No next summer
How do you tell your child, not yet 6 years old, that her friend is gone? How do you tell her that the summer play dates which we could never make time for last summer will now never happen? That the friend she looks forward to seeing every Sunday in church will no longer be there? That the tea party they have been planned for months is just that…a plan?

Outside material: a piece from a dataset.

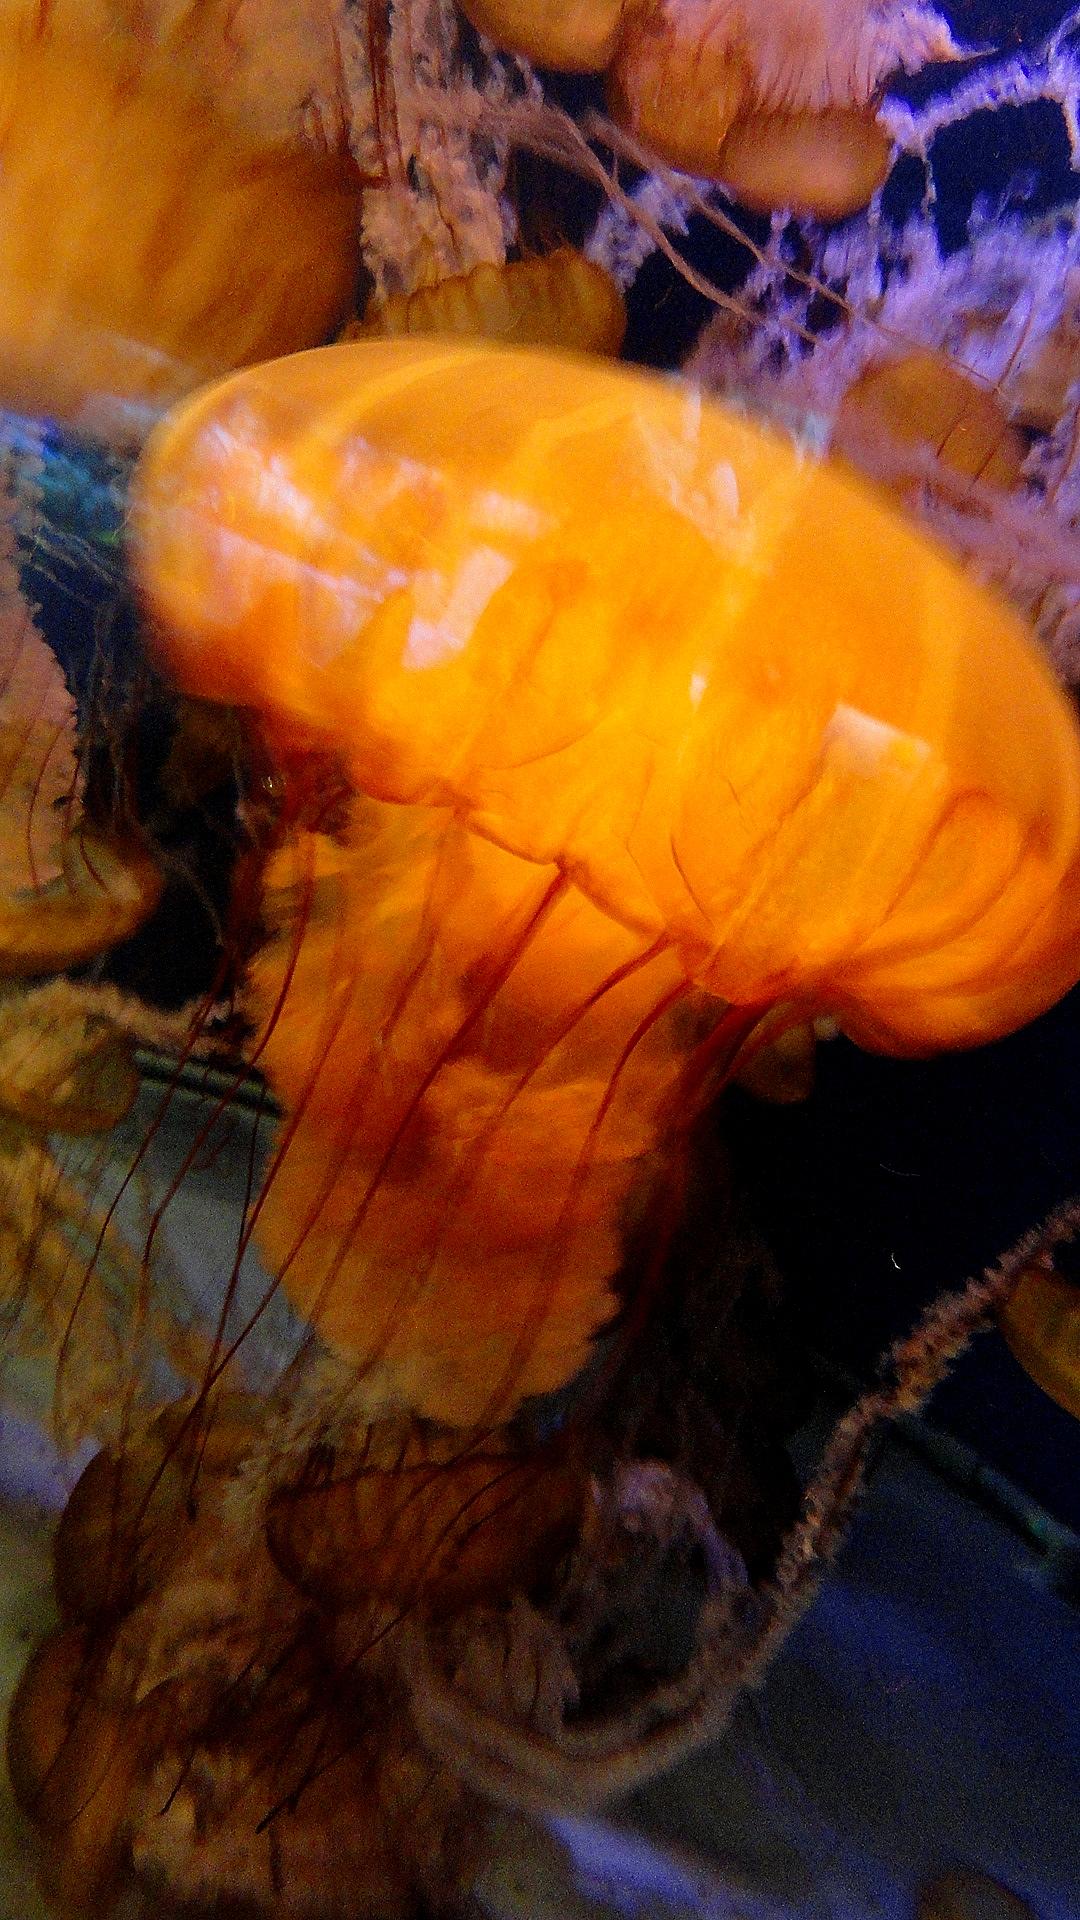 Jellyfish aka Marine Stinger - LB Aquarium

I can’t remember any other time since I lost my mom that the news of a death has hit me as badly as it did. A 6 year old girl, healthy, cheerful, full of life. I’m not particularly close to her parents but admire them from a distance. But our kids look forward to playing together on Sundays. “When it’s summer, when school’s out”, we told the kids when they wanted to visit each other’s homes. Summer came but we were too busy. Every Sunday, we would mutter a “One of these Saturdays.” The kids, meanwhile made their plans. My daughter had a bag packed, ready to go. It contained doll hairbrushes, some hair accessories, teaspoons and other tea party supplies. Then summer was over. “Next summer we’ll do something”, we consoled the kids. But now, there is no next summer.
A healthy six year old girl. Bade goodnite to her parents and gone by morning. Scary…because it reminds you that nobody is immune. Life is fleeting. Don’t wait till next summer.
My heart is heavy. This hurts so much. But worst of all, I cannot imagine what the parents are going through at this moment. I pray God gives them the strength to get through it.